Your task: Everything in the listing below should be repeated exactly, apart from the pictures.

Data below:
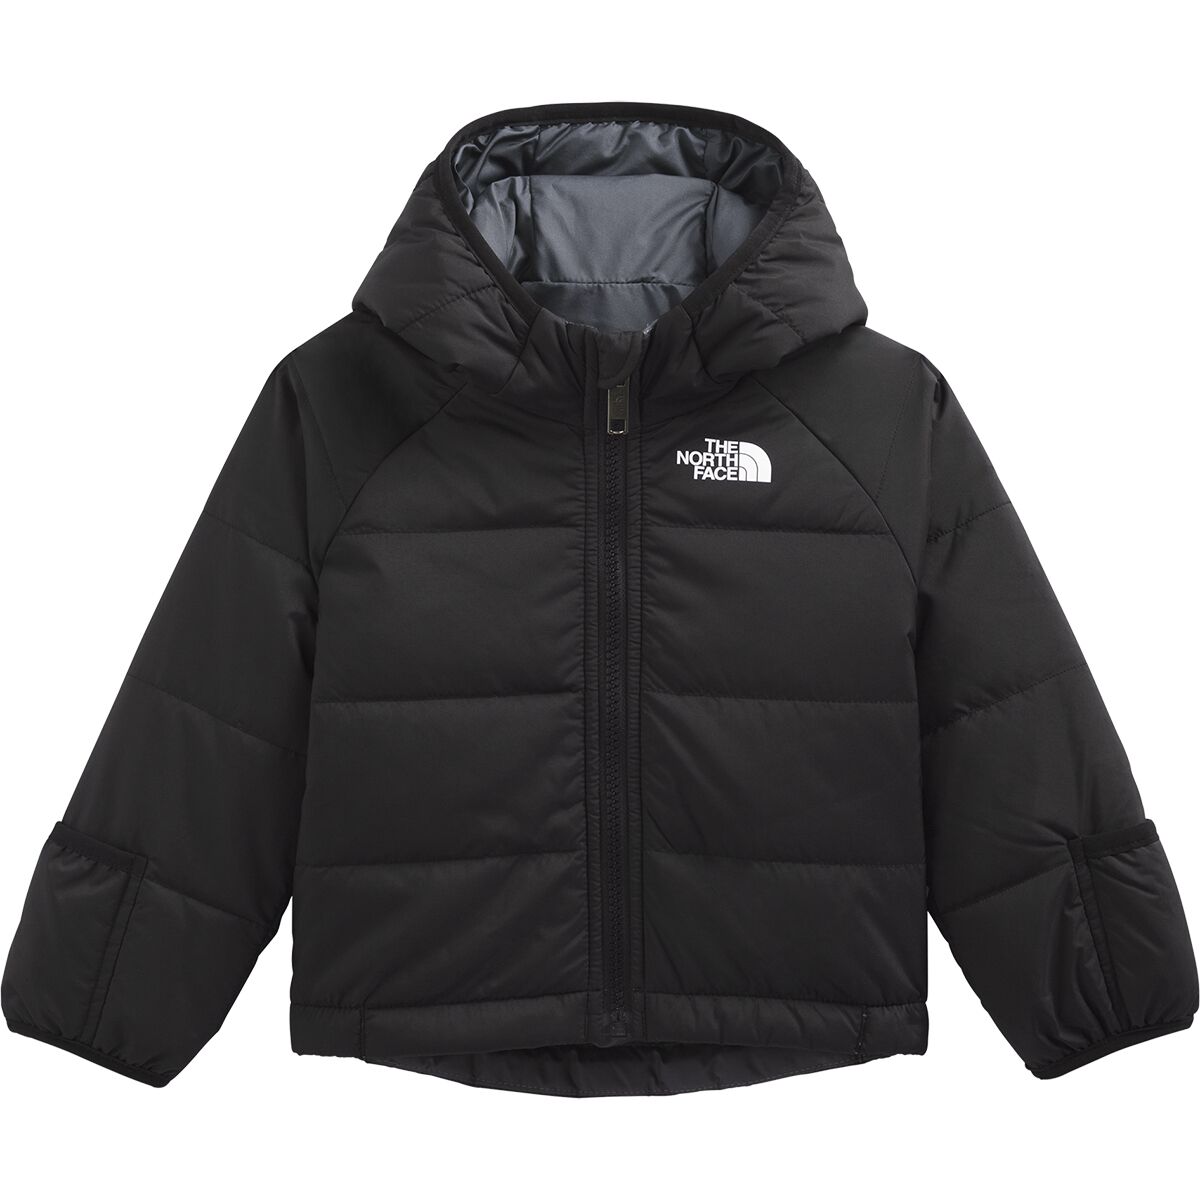 The North Face Perrito Reversible Hooded Jacket - Infant Boys'
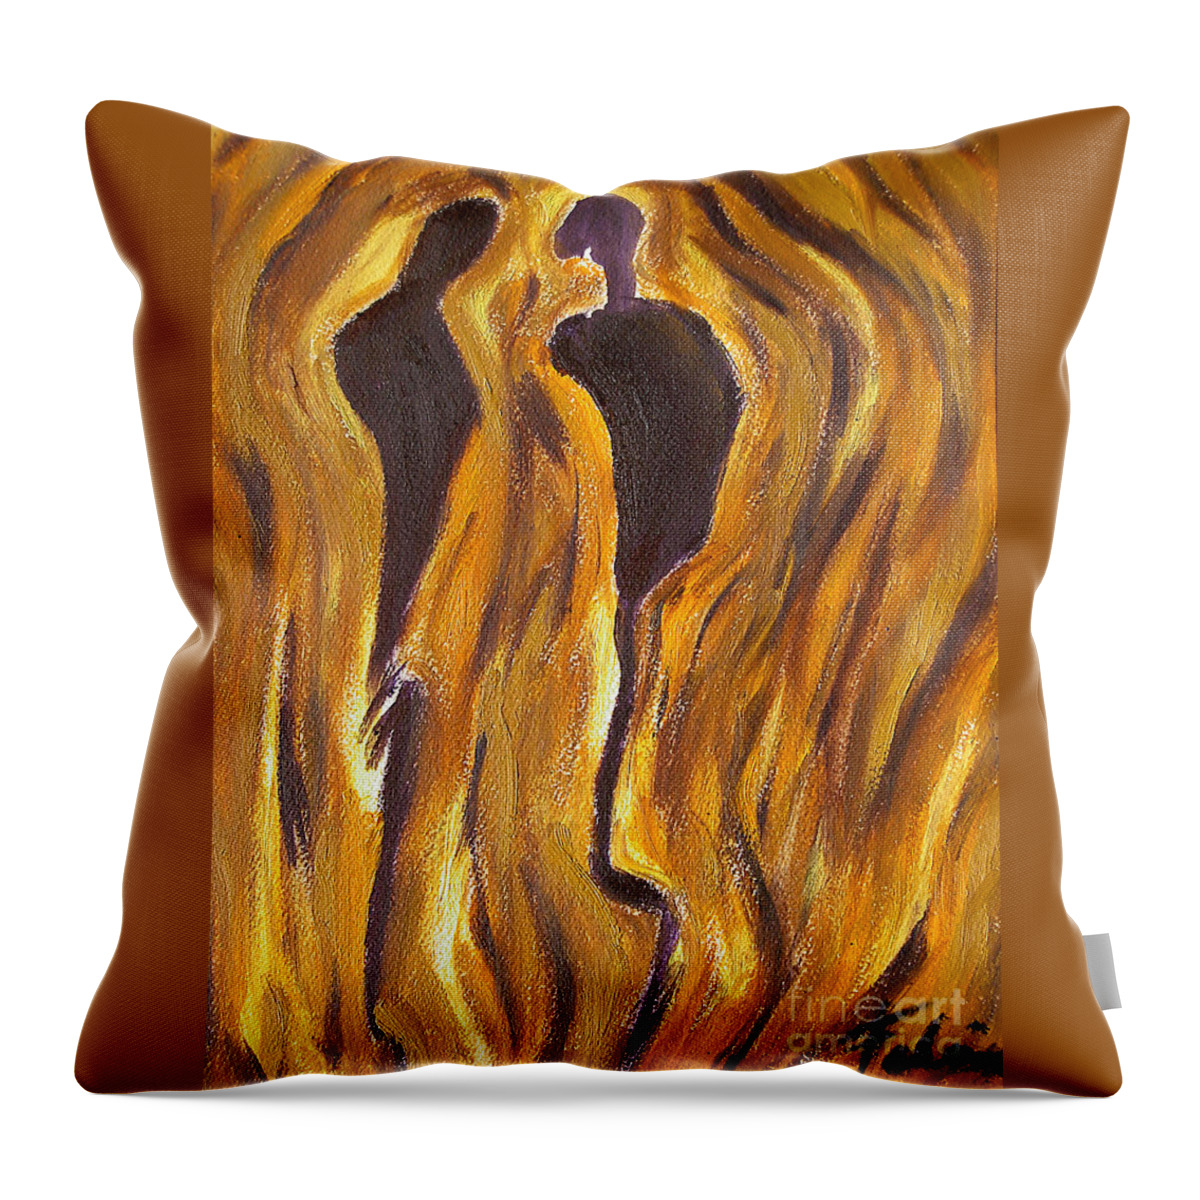 Conversation Throw Pillow featuring the painting Conversation by Will Felix
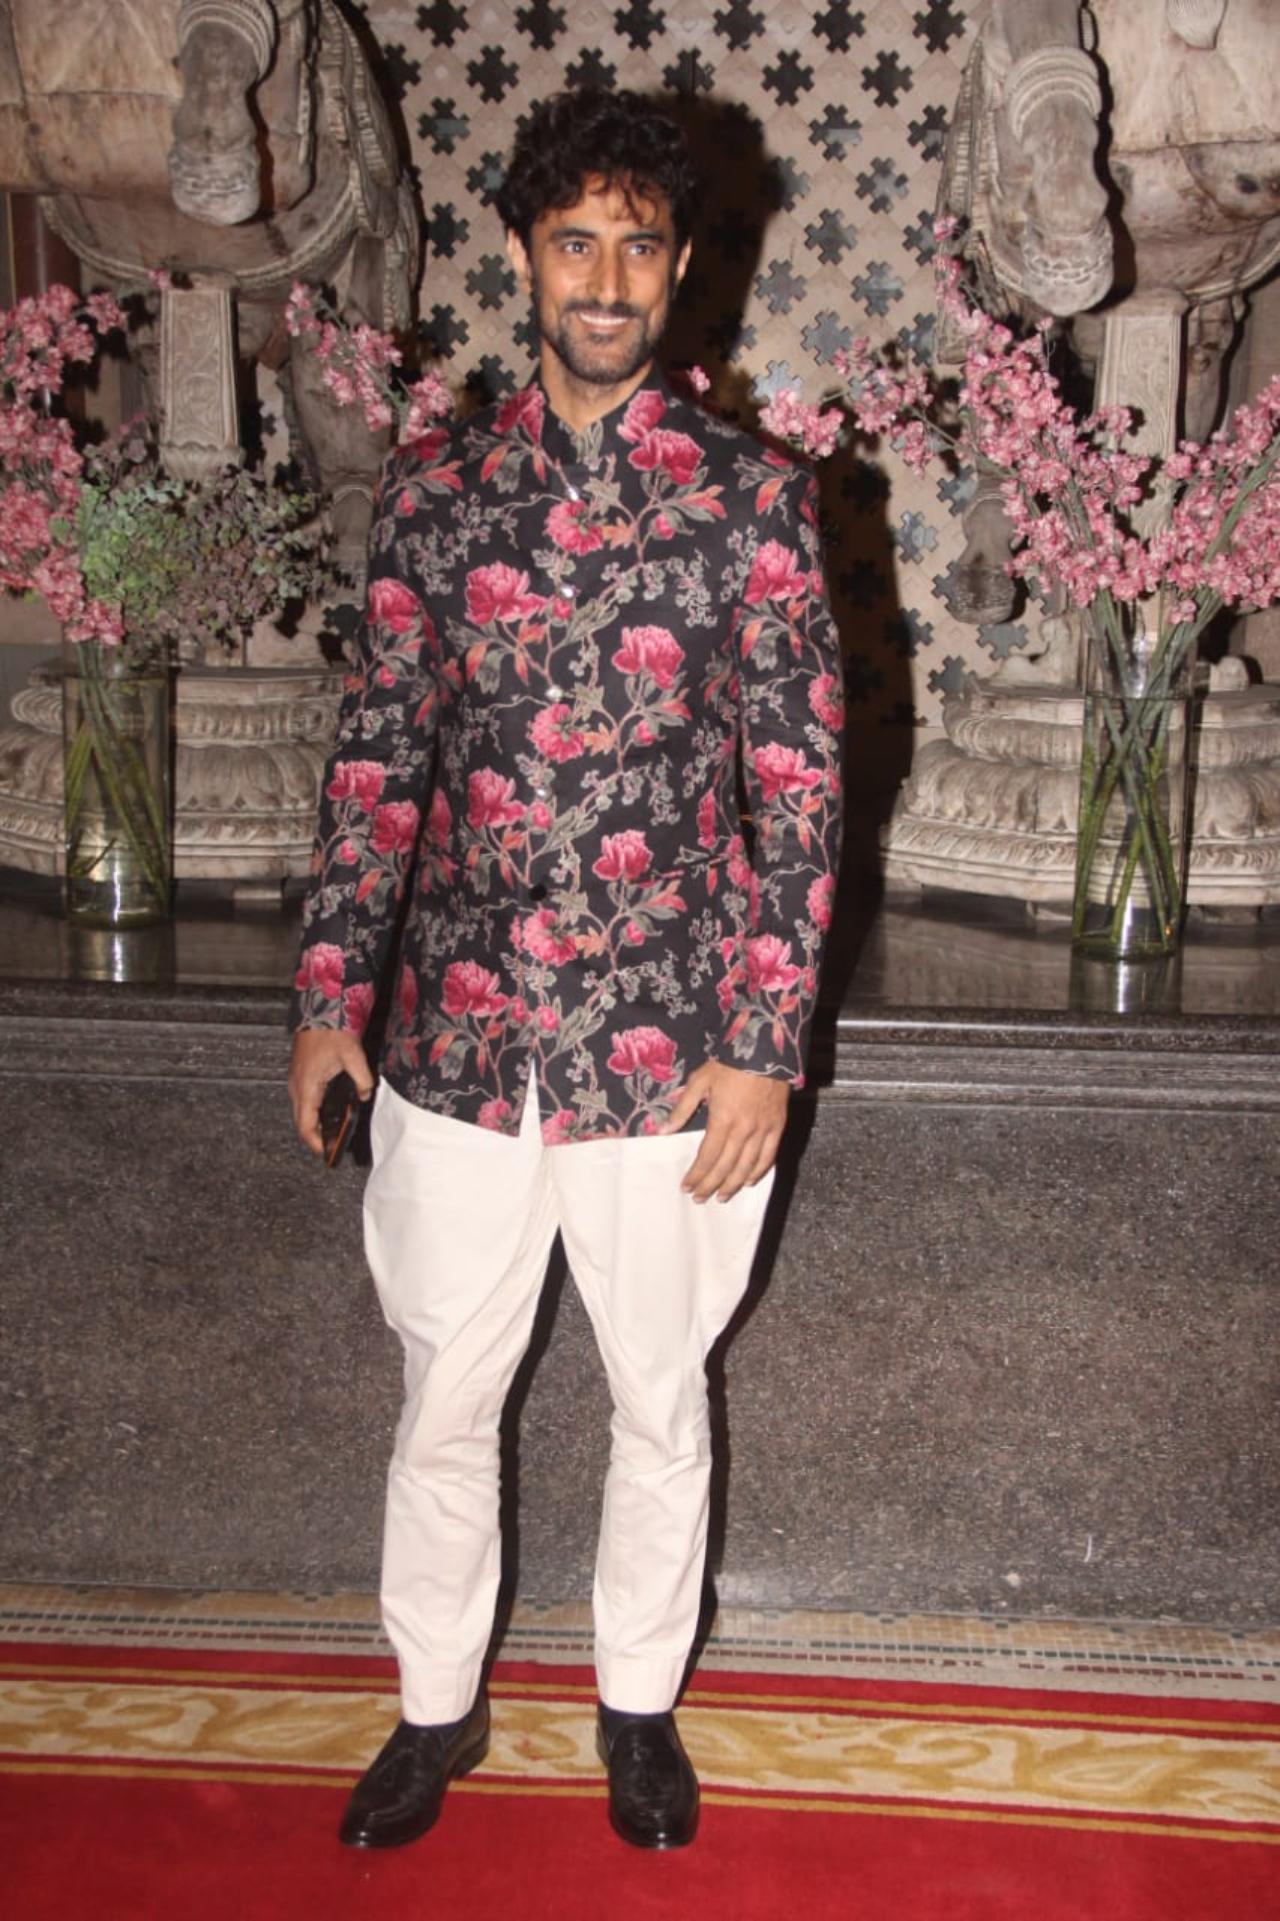 Kunal Kapoor went for a colourful printed kurta and white coloured dhoti styled pants
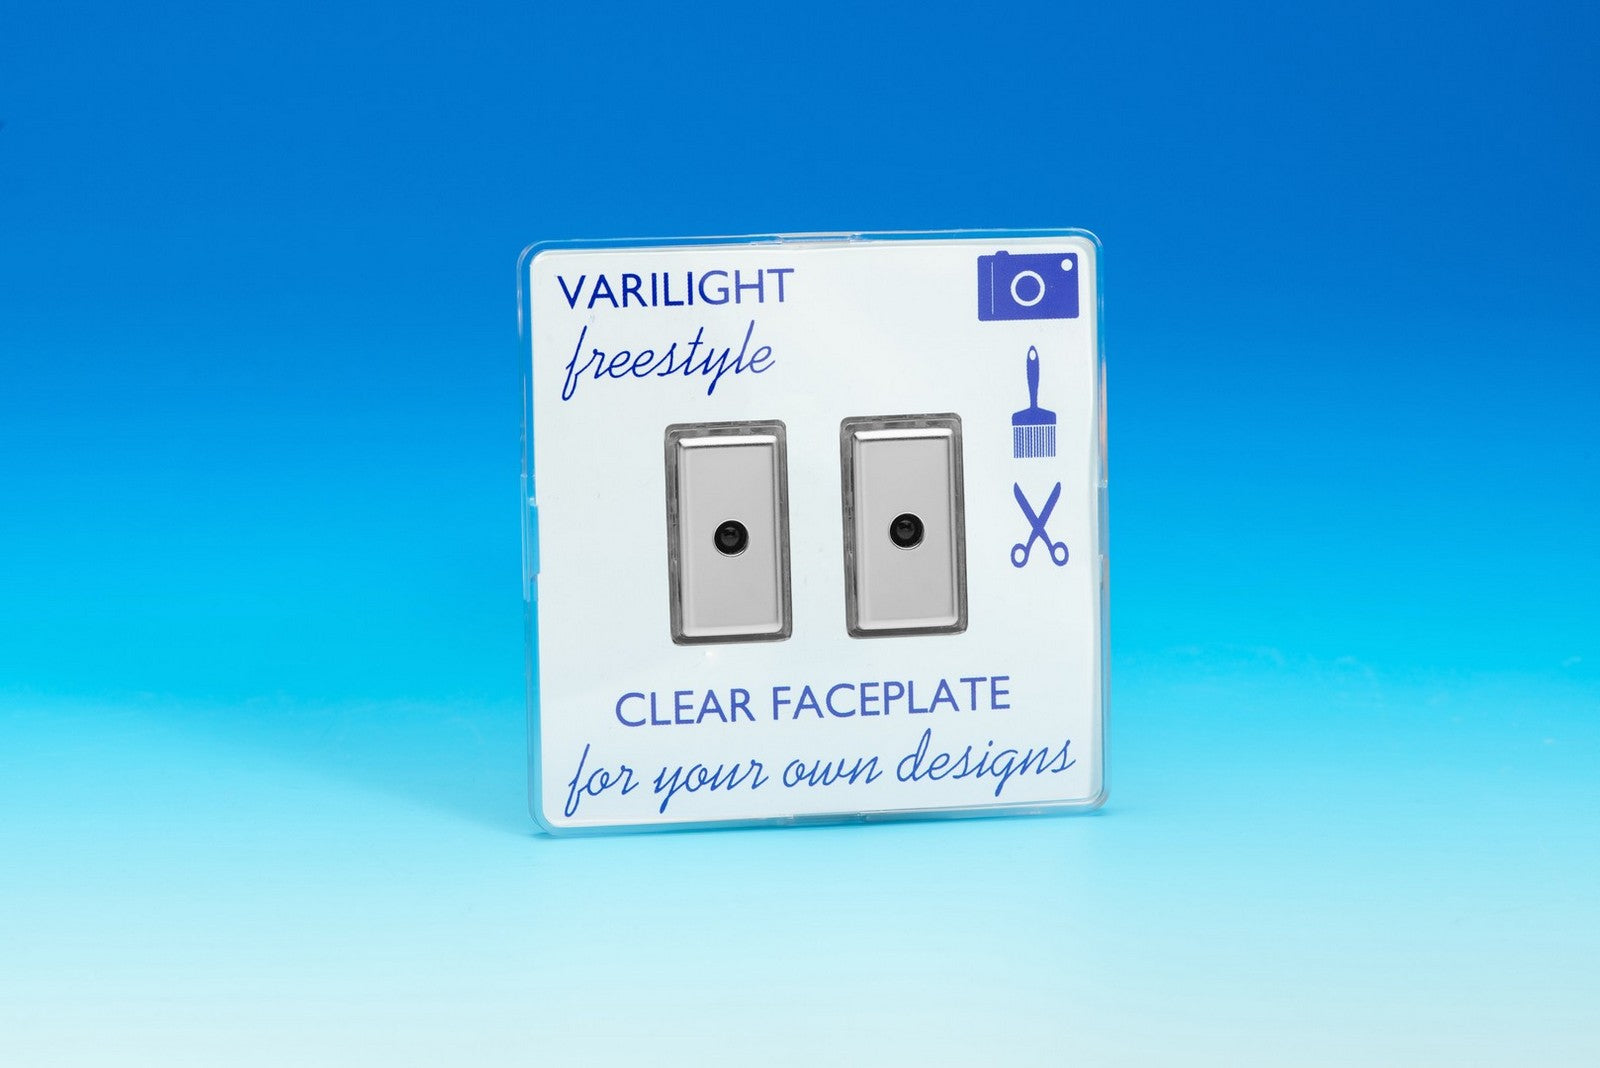 Varilight JIFE102C Freestyle Clear 2-Gang Multi-Way Remote/Tactile Touch Control Master LED Dimmer 2 x 0-100W (1-10 LEDs)

Exercise solution:
 The North Face Perrito Reversible Hooded Jacket - Infant Boys'
 Conversation Throw Pillow featuring the painting Conversation by Will Felix
 Kunal Kapoor went for a colourful printed kurta and white coloured dhoti styled pants
 Varilight JIFE102C Freestyle Clear 2-Gang Multi-Way Remote/Tactile Touch Control Master LED Dimmer 2 x 0-100W (1-10 LEDs)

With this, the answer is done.